I guess that’s what separates me, an engineer who can write code, from an honest-to-God software developer. They live in the Front End, and know JavaScript backwards and forwards. I don’t know much of anything about Front End stuff, or writing web apps or mobile apps, and I look at JavaScript and I just think “WTF is this?” I know Java, but JavaScript is something I’ve never had a use for.
As a language JavaScript isn’t that bad but I have serious issues with loosely typed languages. Too much PTSD from C/C++ makes it hard for me to trust it.
:waves: Sofware developer here. Inherited the curse from my mom I guess; she got started as a keypunch operator (yeah) for the county school board before working her way up to “Programmer/Analyst II” and refusing any promotion that smelled of management. I don’t know if she even used any languages besides COBOL on a regular basis.
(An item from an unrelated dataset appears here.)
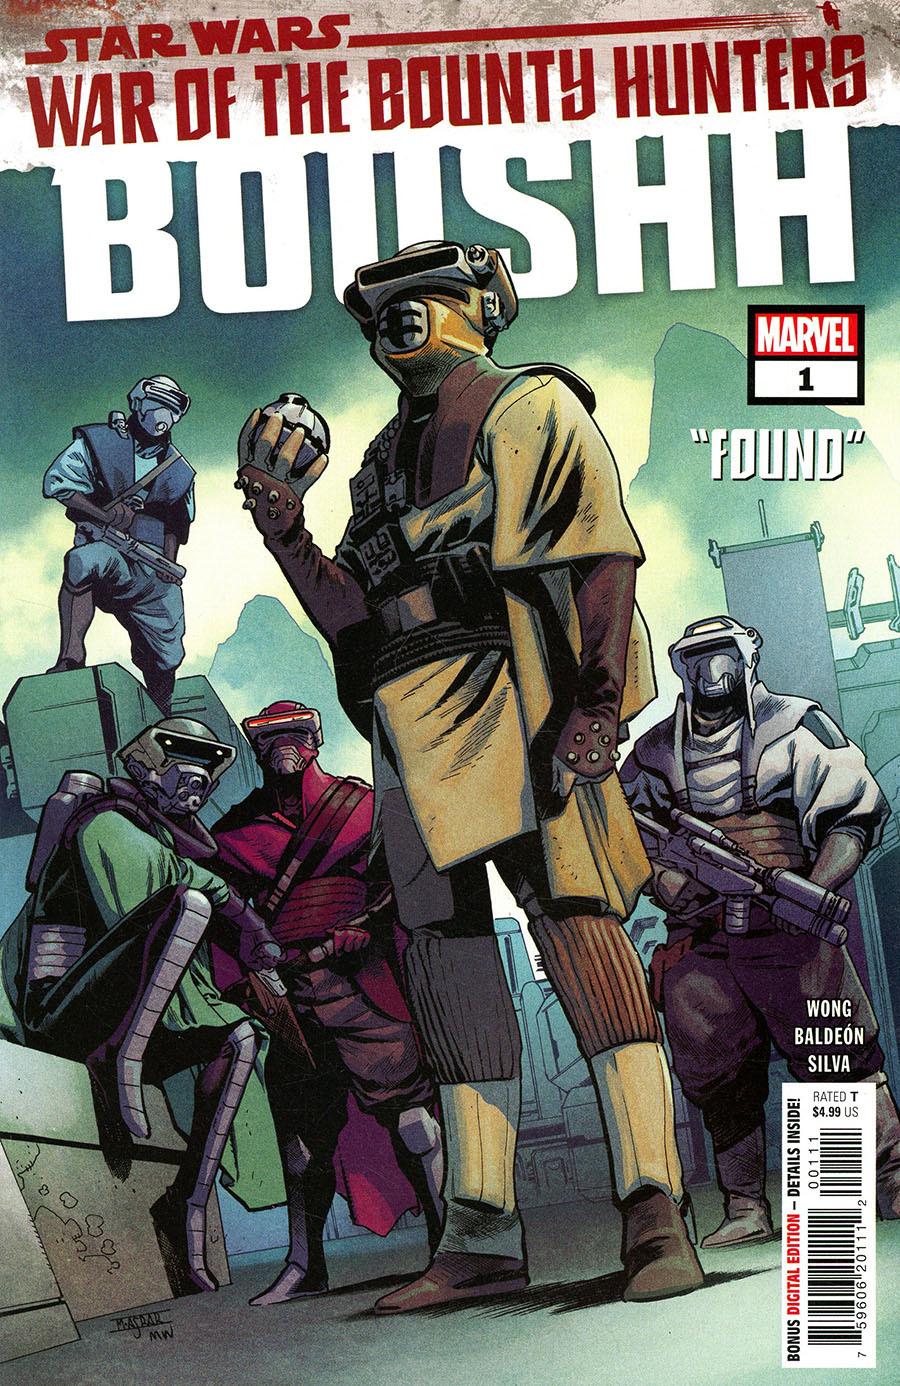 Star Wars: War of the Bounty Hunters: Boushh

Like a lot of 80s nerds I cut my teeth on BASIC. I got an AA degree in programming, and a BS in Management Informations Systems. My first programming job was developing and maintaining software for boat and RV dealerships in FoxPro, then in my spare time I was a remote contractor for a text-based online RPG with its own proprietary scripting language. They hired me full-time to babysit the servers and keep working on the game. Eventually the started having “real” programming classes and were surprised to find I was really good (having completely forgotten they hired a programmer and then kept me doing scrub work). So I got promoted, and worked on a game engine and editing tools in C++ and C# and Direct3D shaders. That company eventually collapsed on itself, sold off my project to anothe company which also had trouble paying bills and salaries consistently, and I wound up at an engineering software company working in C++ and C# with some legacy FORTRAN stuff that we never touch.
I have a bunch of experience with UI (and have mixed feelings about it), but I am pretty clueless about any web-related programming. They tried to put me on a project once with a mess of VBScript and Python, and I was supremely unhappy and unproductive until they decided I was doing a lot better on literally everything else they had me working on.
When programming in C++, you have to know your shit about OOP in order to not make any mistakes. In C#, Java, etc, you can get too careless too easily.
I certainly do, but I never needed to invoke advanced search in AltaVista’s main UI - it was just there if you knew how to use it. That’s better design.
Edit: It was also more flexible. Little languages usually are.